The first screwball comedy filmed in color, Nothing Sacred also represents the first use in a color film of process effects, montage and rear screen projection. Backgrounds for the rear projection were filmed on the streets of New York. Paramount Pictures, 20th Century-Fox and other studios refined this technique in their subsequent color features.

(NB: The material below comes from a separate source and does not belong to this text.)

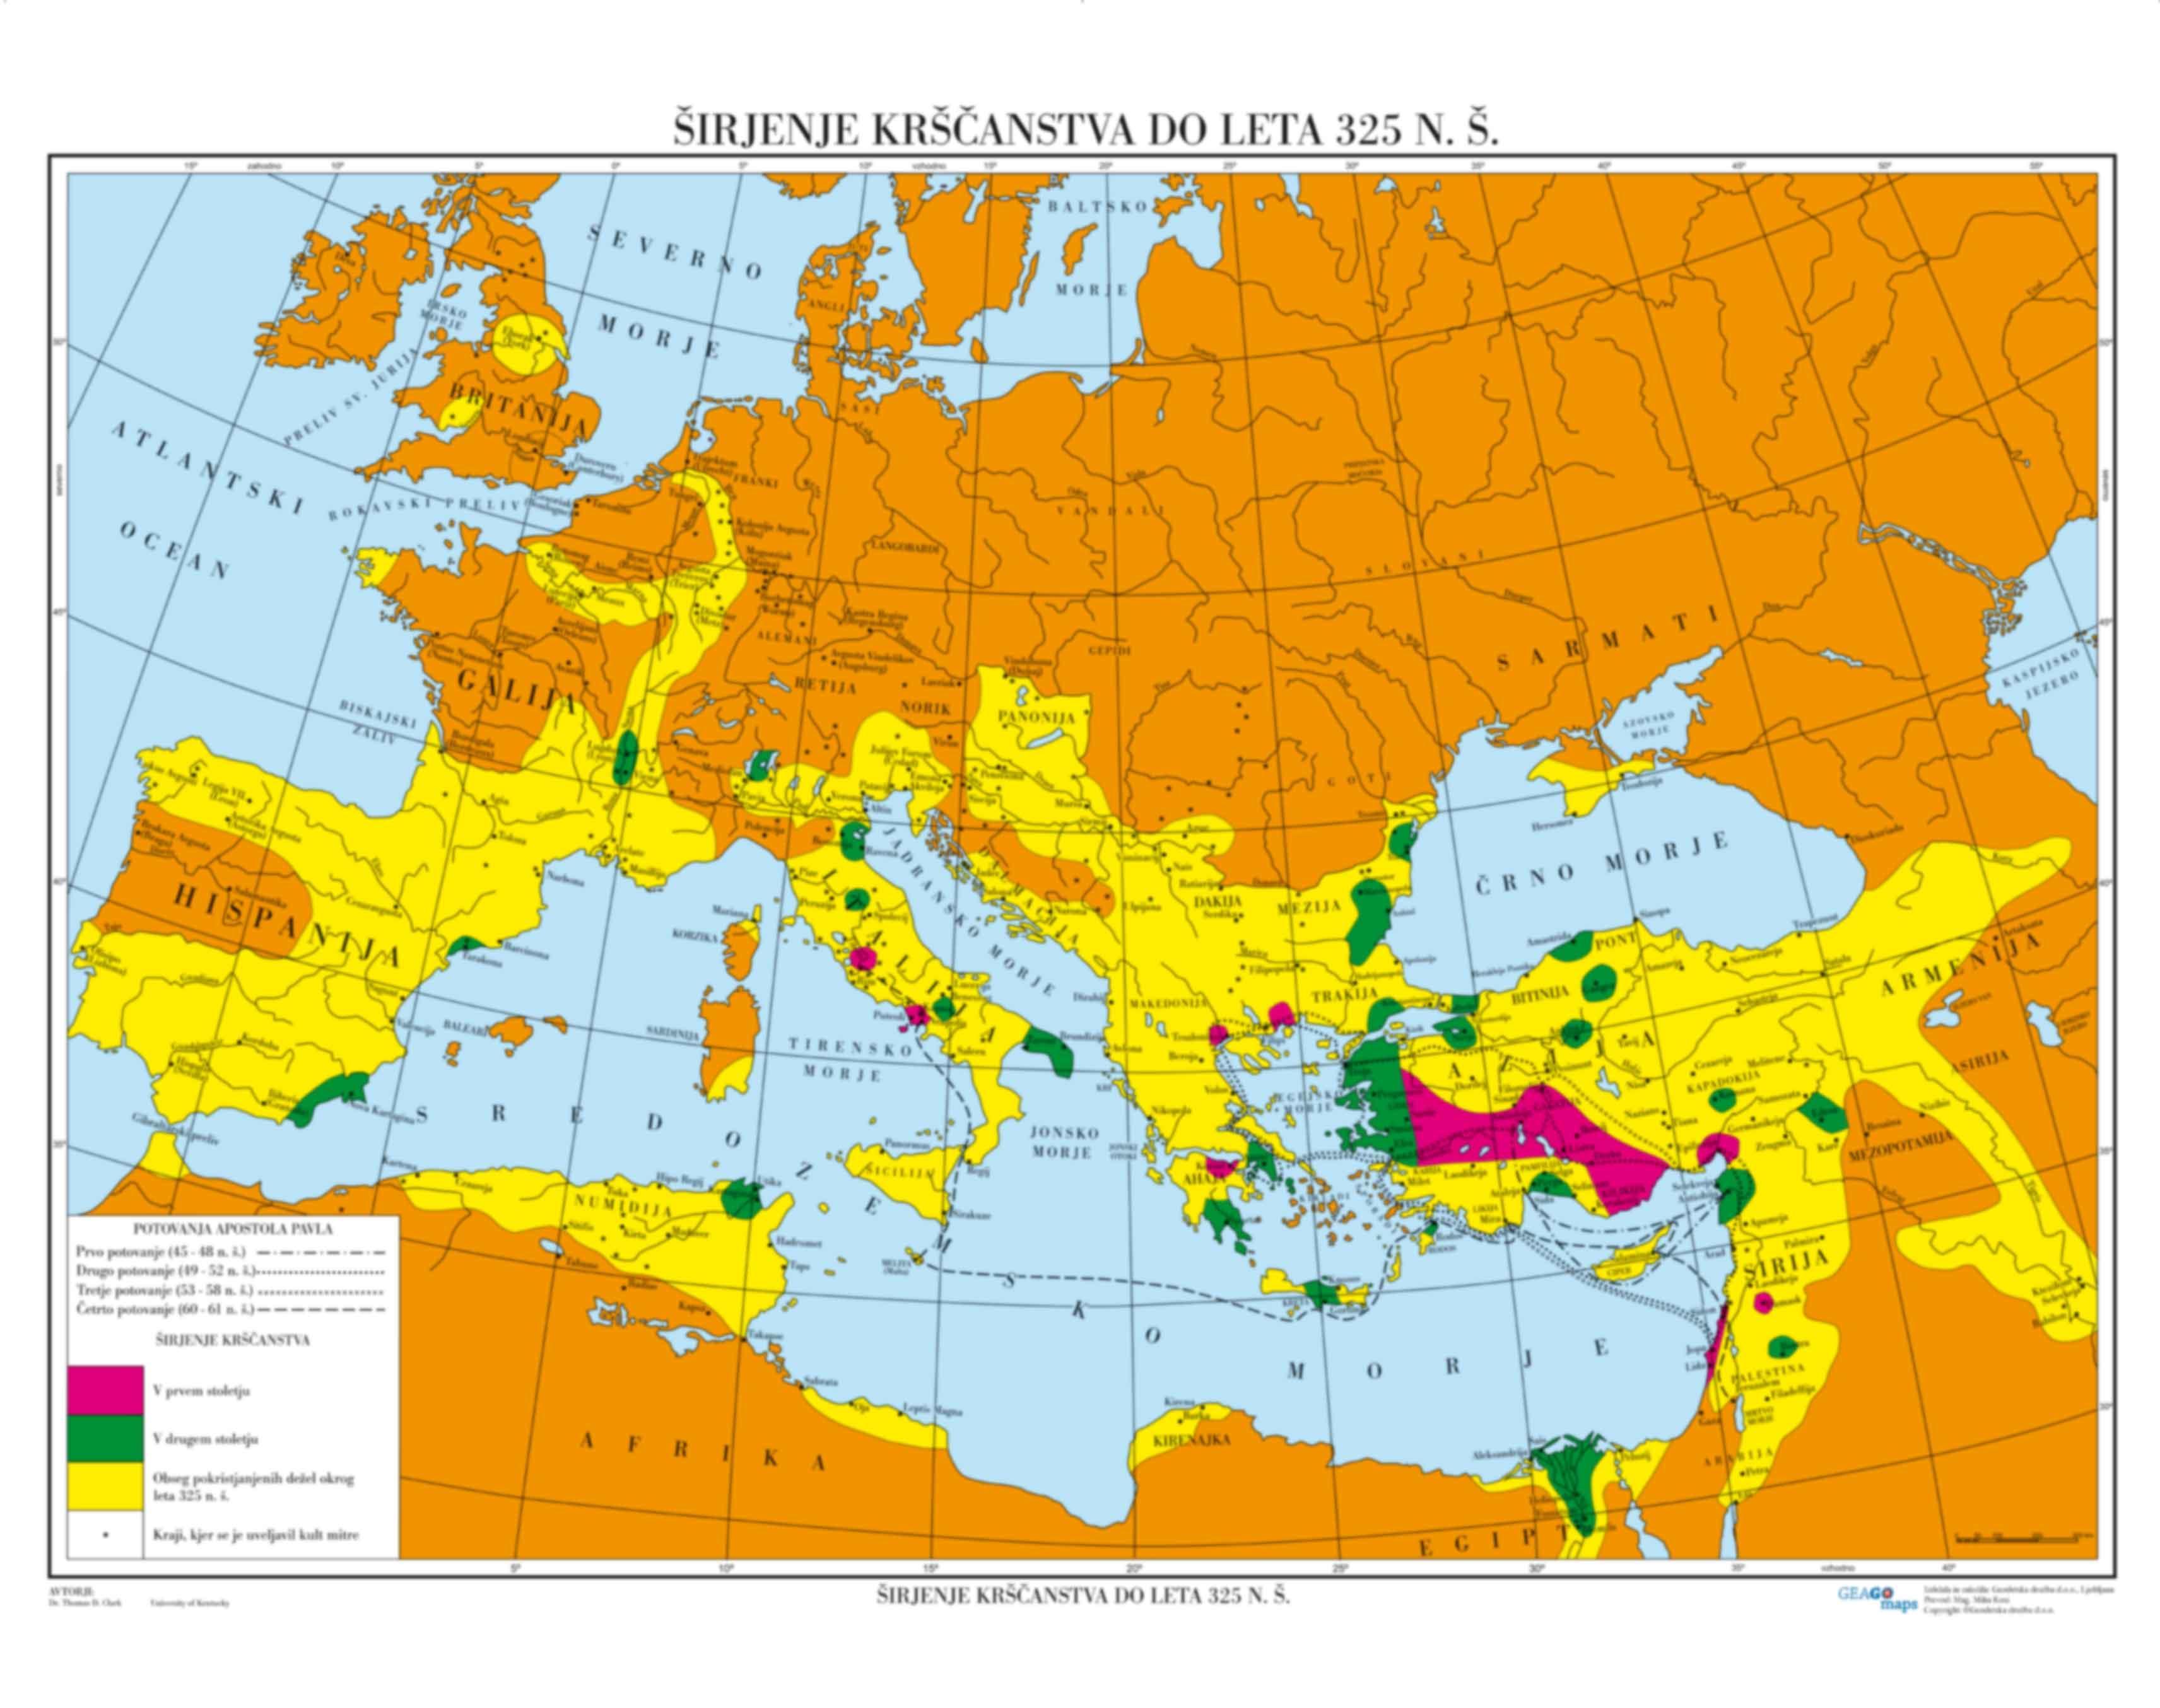 Širjenje Krščanstva do leta 325 n.š.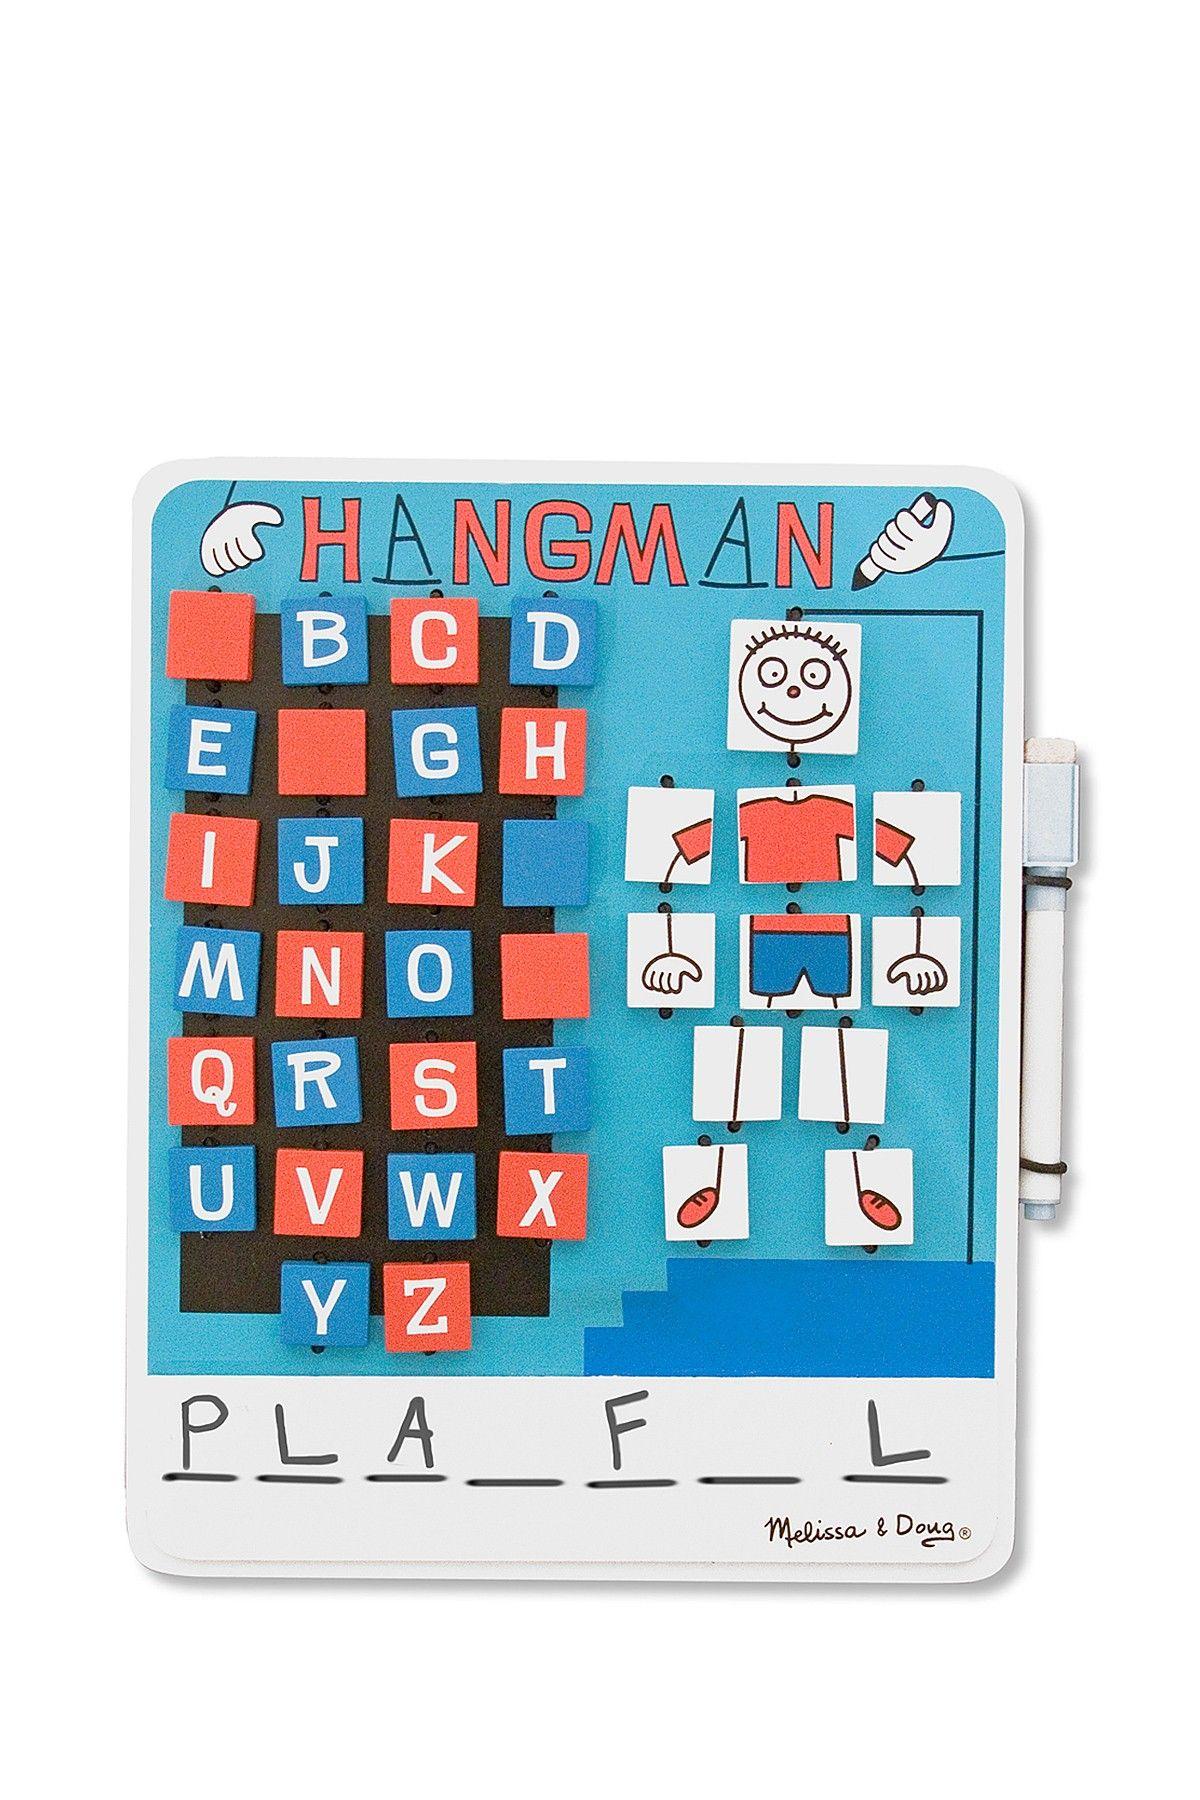 Flip to Win Hangman Hangman game

Ben Hecht is credited with writing the screenplay in two weeks on a train. He adapted the story "Letter to the Editor" by James H. Street which had been first been published in Hearst's International-Cosmopolitan. Hecht wrote a role for his friend John Barrymore in the film, but David Selznick refused to use him as Barrymore had become an alcoholic. This caused a rift between Hecht and Selznick, and Hecht walked off the picture. Budd Schulberg and Dorothy Parker were called in to write the final scenes and several others also made contributions to the screenplay, including: David O. Selznick, William Wellman, Sidney Howard, Moss Hart, George S. Kaufman and Robert Carson.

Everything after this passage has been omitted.